Deel IV, met behulp van bijkomende interview data, clustert acht ideaal types van tactieken in
het centrale construct van deze studie: de ‘Taxonomie voor de Productie van de Gemene Ruimte’. Van
hieruit worden drie synthetiserende stellingen naar voren gebracht. ‘These Eén’ argumenteert dat de
twee vormen van commoning – Symbiotisch en Oppositioneel – niet samenvallen met voornoemde
theoretische benaderingen. Symbiotische commoners, zo leren we, maken gebruik van wat er zowel in
Ostrom als in de post-Marxistische theorieën bepleit wordt. Hetzelfde geldt voor zij die actief zijn in de
Oppositionele variant. Op het gebied van de ruimtelijke triade betekent dit dat commoners oscilleren
tussen representatie en significatie. ‘These Twee’ bepaalt dat de Oppositionele variant niet
noodzakelijkerwijs het loutere ‘verlaten’ van politiek-economische instituties hoeft in te houden. ‘These
Drie’, ten slotte, laat zien dat alle drie de componenten van de triade een commoning project kunnen
onderschrijven, maar evenzeer kunnen ondermijnen.

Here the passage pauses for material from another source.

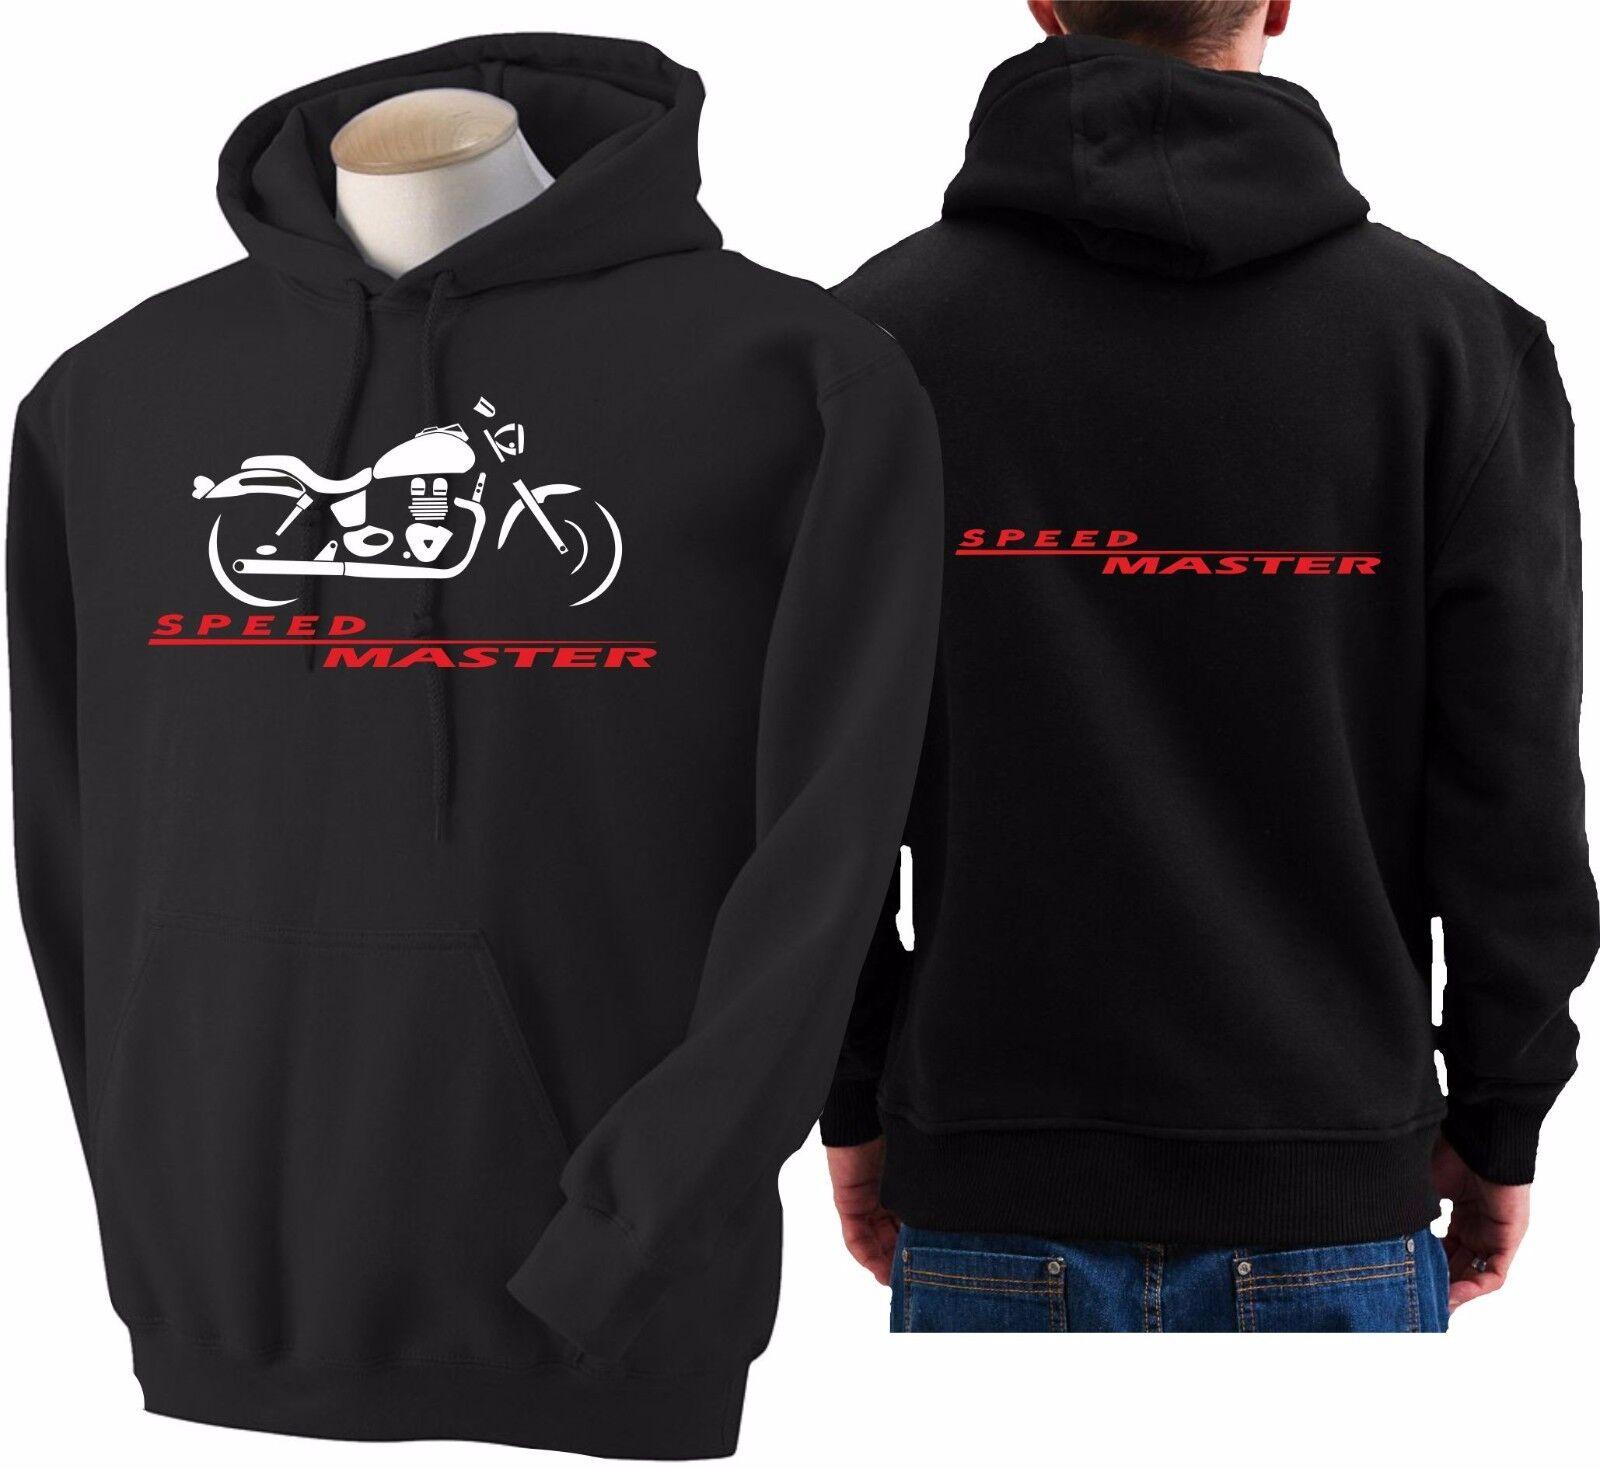 Hoodie for bike TRIUMPH SPEED MASTER sweatshirt hoody Sudadera moto speedmaster

De studie eindigt met een Excursus en een Epiloog over de relatie tussen de gemene ruimte en
politieke actie. Er wordt onderzocht wat een ‘politiek potente’ productie van de gemene ruimte zou
kunnen inhouden. Tegelijk bouwend op het werk van Webb, Mouffe en Rancière eindigt de studie met
een beschouwing van het Berlijnse commoning collectief Raumlabor. Gebaseerd op Raumlabors
productie van de gemene ruimte wordt finaal het volgende argument gemaakt: terwijl een politiek
potente productie van de gemene ruimte een momentane aangelegenheid blijkt te zijn, behoeft zij
desalniettemin een voortgezette basis van hegemonie-ontwikkeling. Zodoende wordt Lefebvre’s triade
wederom gevaloriseerd. Finaal wordt namelijk beschreven hoe een politieke productie van de gemene
ruimte voortkomt uit de autonome bouw van een ‘podium’ voor dissensus (configuratie), prepolitieke
deliberatie (significatie), en de ontwikkeling van een gedeelde counter-hegemonie (representatie).